Republicans failed Thursday for a second time in as many weeks to break a Democratic filibuster against President Bush's judicial nominee Miguel Estrada.

GOP leaders vowed to fight on after the 55-42 vote, even as it became clear that other Bush court nominees might also face floor filibusters.

The unprecedented degree of judicial gridlock coaxed Sen. Trent Lott out of self-imposed exile.

"I really do think we're setting a dangerous precedent here. One that we didn't set in the past. We haven't filibustered federal judicial nominees," Lott, R-Miss., said after months of near silence following his ouster from the Senate majority leadership post following charges that he was racially biased.

But emerging in a nomination fight heavy with racial overtones, Lott said he understood that Democrats are still smoldering over GOP treatment of former President Clinton's judicial nominees, many denied a vote while Lott was in charge of the Senate.

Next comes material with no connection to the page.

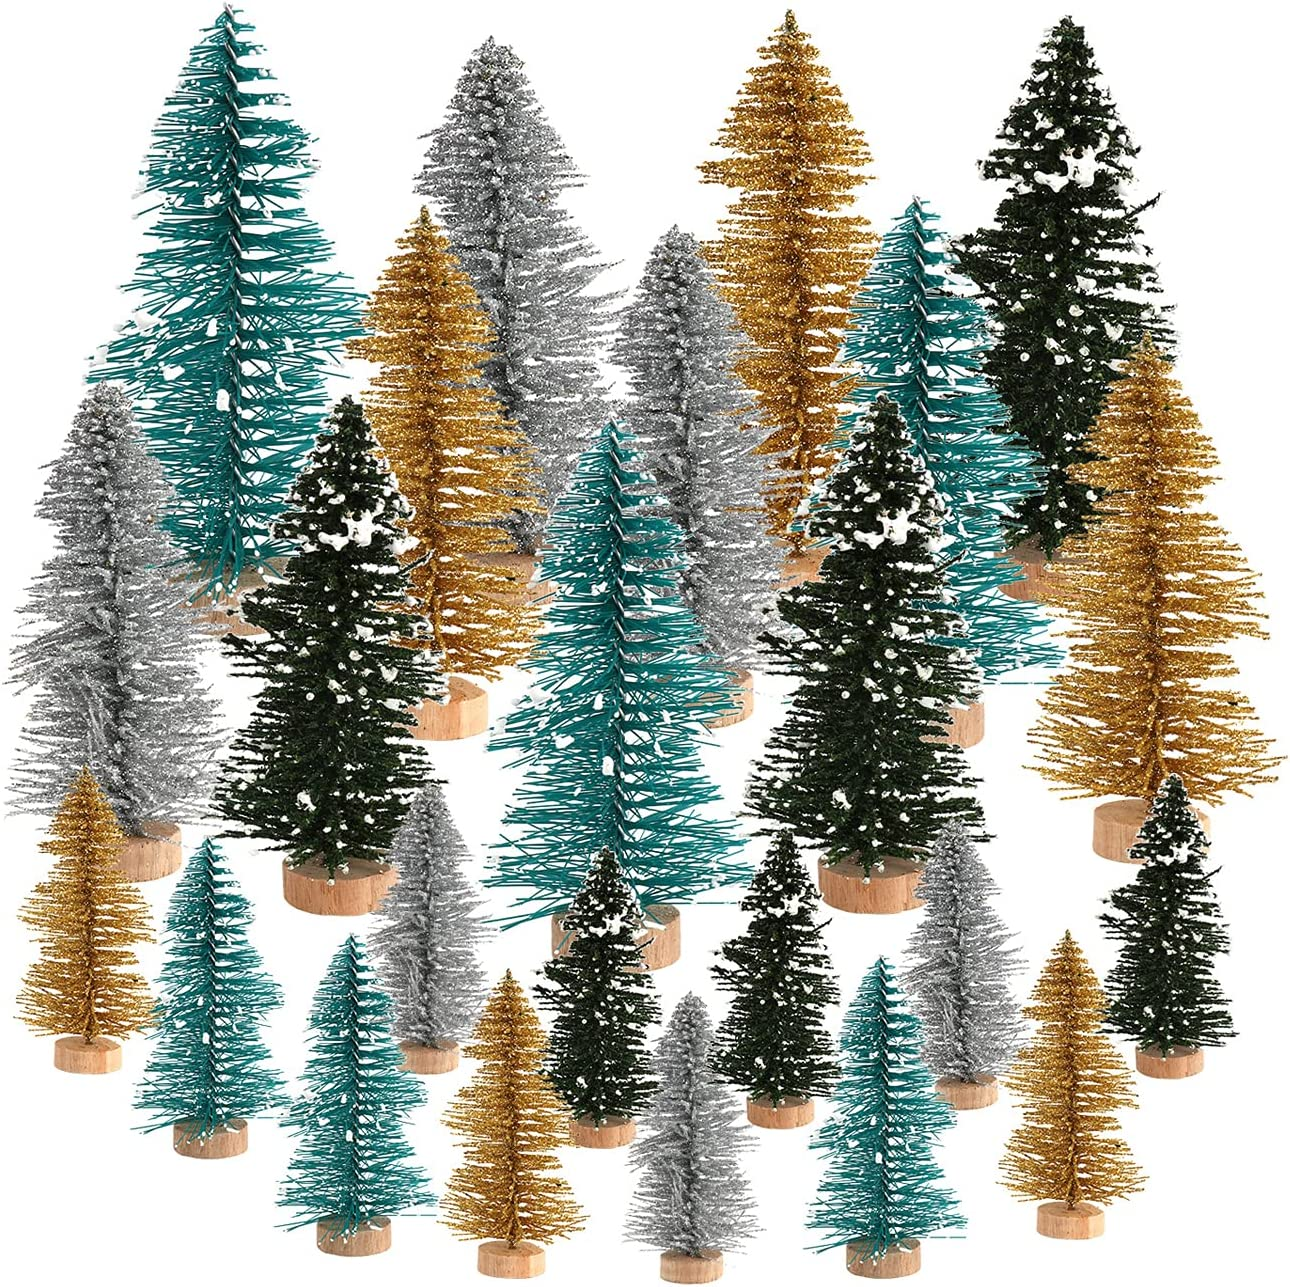 Atroy 48 PCS Mini Christmas Trees Financial sales sale Multicolor Artificial Sisal Financial sales sale S

"So look, I accept part of the blame. I acknowledge that Republicans have not always handled judges in the right way," he said.

Apologies aside, Lott drew the line at filibusters, something he opposed as Republican leader.

"I ask the question again -- what next? We're gonna kill them in committee? We're gonna kill them by filibuster? Maybe we're just going to go out and shoot him, get it over with? This is wrong, my colleagues," Lott said.

But Lott's words fell on deaf ears.

The Democratic filibuster gained another supporter -- Democratic Sen. Bob Graham of Florida, whom Republicans had hoped might defect. Graham, who was out recovering from heart surgery during the last vote, later said that he was undecided about his support for Estrada, who would be the first Hispanic seated on the U.S. Court of Appeals for the District of Columbia.

Graham called for Estrada to provide senators more information to evaluate his nomination, drawing criticism from one House Republican who wants to replace him in the 2004 election.

"Senator Graham has a lot of explaining to do to the people of Florida and America's ever-growing Hispanic community," Rep. Mark Foley said in a statement issued Thursday. "Senator Graham isn't only voting against a qualified nominee, he's voting against inclusion."

Foley called Graham's vote "a slap in the face to the Hispanic community," joining a chorus of Republicans who have enlisted several Hispanic organizations to defend the Honduran-born Estrada.

Estrada has the 50 votes needed for confirmation, but needs five more votes to invoke what senators call "cloture," an end to a filibuster.

"We're going to have another cloture vote, another cloture vote and we are not going to let this die," said Sen. Rick Santorum, R-Pa., who earlier in the day had a victory with the passage of a ban on partial birth abortions that he and other Republicans had been pushing for eight years.  "Estrada is a patient man and so are we."

But Democrats who grilled Estrada last year say they won't budge until they receive memos Estrada wrote as a top lawyer in the Clinton Justice Department.

"We're down to a point where the White House says we know what he wrote but we don't want you to know. Reagan said trust but verify. They said trust us. We want to verify," said Sen. Patrick Leahy, D-Vt., ranking member of the Senate Judiciary Committee.

Republicans labeled the issue a diversion to hide partisanship, calling the demand for the documents -- a request opposed by several former solicitors general -- a "red herring."

Meanwhile, Republicans revived the nomination of Priscilla Owen for the 5th Circuit Court of Appeals. Democrats in committee defeated Owen last year in part because Republicans had earlier blocked two Clinton appointees to the same court.

Fox News' Major Garrett contributed to this report.